Gerry Creaney

Personal information
- Full name: Gerard Thomas Creaney
- Date of birth: 13 April 1970 (age 55)
- Place of birth: Coatbridge, Scotland
- Position(s): Striker

Youth career
- 0000–1987: Celtic

Senior career*
- Years: Team / Apps / (Gls)
- 1987–1994: Celtic / 112 / (36)
- 1994–1995: Portsmouth / 60 / (32)
- 1995–1998: Manchester City / 21 / (4)
- 1996: → Oldham Athletic (loan) / 9 / (2)
- 1996: → Ipswich Town (loan) / 6 / (1)
- 1997: → Burnley (loan) / 10 / (8)
- 1998: → Chesterfield (loan) / 4 / (0)
- 1998–1999: St Mirren / 12 / (3)
- 1999: Notts County / 16 / (3)
- 1999: TPV / 1 / (0)
- 2000: Raith Rovers / 6 / (1)
- 2000: Queen of the South / 1 / (0)
- 2000: Clydebank / 3 / (0)
- Total:  / 261 / (90)

International career
- 1990–1992: Scotland under-21 / 12 / (5)
- 1995: Scotland B / 1 / (0)

= Gerry Creaney =

Scottish footballer

Gerard Thomas Creaney (born 13 April 1970) is a Scottish former footballer, who played as a striker.

==Career==
Creaney began his career with Celtic, signing from the boys club and making his competitive debut in the first team on 24 March 1990 in a 0–0 draw away at Dunfermline. He played in a further five games for Celtic that season, and scored his first goal in a 1–1 draw against Dundee on 21 April 1990. Creaney featured regularly for Celtic the following season, scoring in a win against Dundee United in the league cup semi-final, then netting twice in a 3–2 win over St Mirren, scoring the winning goal in the last minute. In November 1990, Creaney played in the 1990 Scottish League Cup Final against Rangers, but Celtic lost 2–1 after extra time. In March 1991, he opened the scoring for Celtic in a 2–0 win over Rangers in a Scottish Cup tie at Parkhead. The match however is best remembered for the four red cards shown; three Rangers and one Celtic player all being sent off in a torrid second half. Creaney went on to make a total of 37 appearances for Celtic in all competitions that season, scoring 10 goals.
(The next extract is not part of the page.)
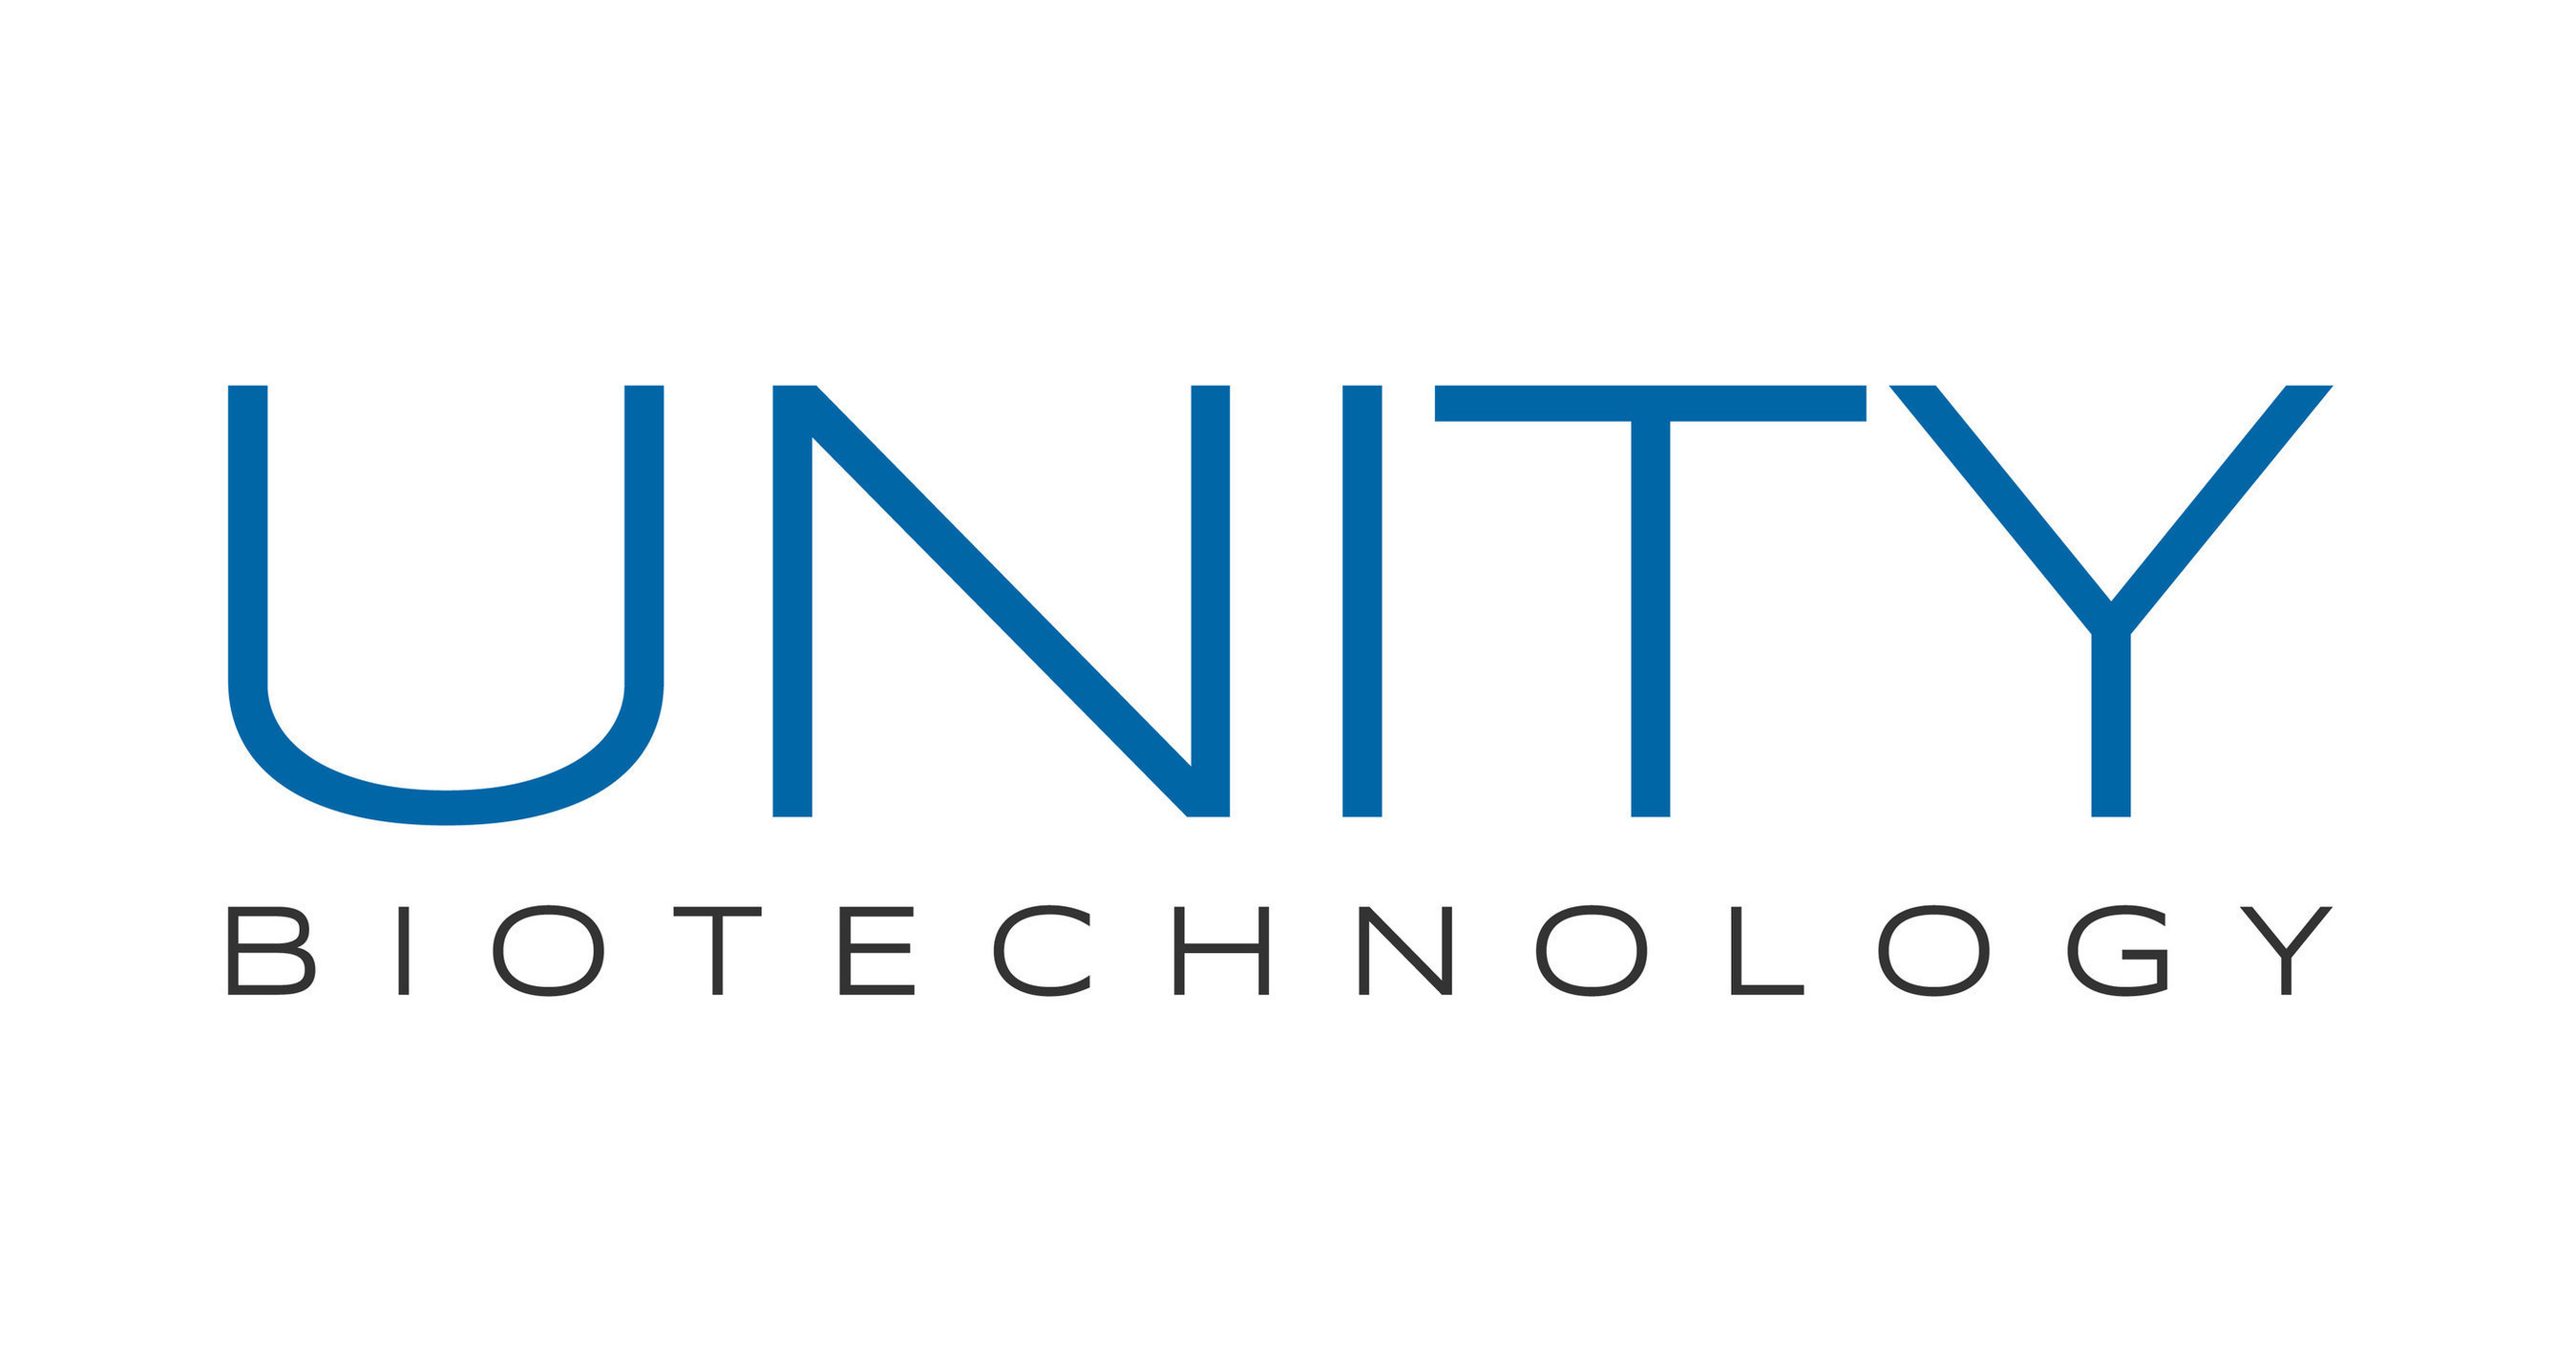 Unity Biotechnology, Inc.

He played 113 times for the club, scoring 36 goals. It was during this time that he was capped for Scotland under-21, for whom he reached the 1992 European under-21 Championship semi-finals. At club level, he never fully established himself as a first choice striker with veterans such as Frank McAvennie and Charlie Nicholas still featuring prominently in the first team. Creaney's sole honour during his time in Glasgow was as a runner-up in the 1990–91 Scottish League Cup.

Creaney was transferred to Portsmouth in January 1994, going on to score 30 goals in just over 60 matches and earning a £1.5m-valued move to Manchester City eighteen months later, with City paying £500,000 and £1million-rated Paul Walsh moving to Fratton Park in exchange.

The move gave Creaney an opportunity to play Premier League football (which Portsmouth had failed to come anywhere near in spite of Creaney's fine form in Division One) where, despite scoring on his debut, he failed to prosper, scoring only four goals in his 21 City appearances. Later in the season he faced competition for the role as Uwe Rosler's strike partner from new arrival Nigel Clough, who was similarly disappointing.

He was loaned out to Oldham, Ipswich, Burnley and Chesterfield whilst at Maine Road before being released in 1999. He had brief spells at St Mirren, Notts County, Finnish side TPV, Raith Rovers and Clydebank before retiring in December 2000.

After retiring from playing football, Creaney became a qualified accountant. In January 2010 Creaney returned to football when he was named as assistant to manager Danny Drew at Bellshill Athletic. On 12 October 2010, Creaney become manager at Bellshill Athletic after Danny Drew resigned. He was appointed head of youth development at Dundee in October 2014, but left by this position by mutual consent in November 2015. He is married to Scottish Film Director Wilma Smith.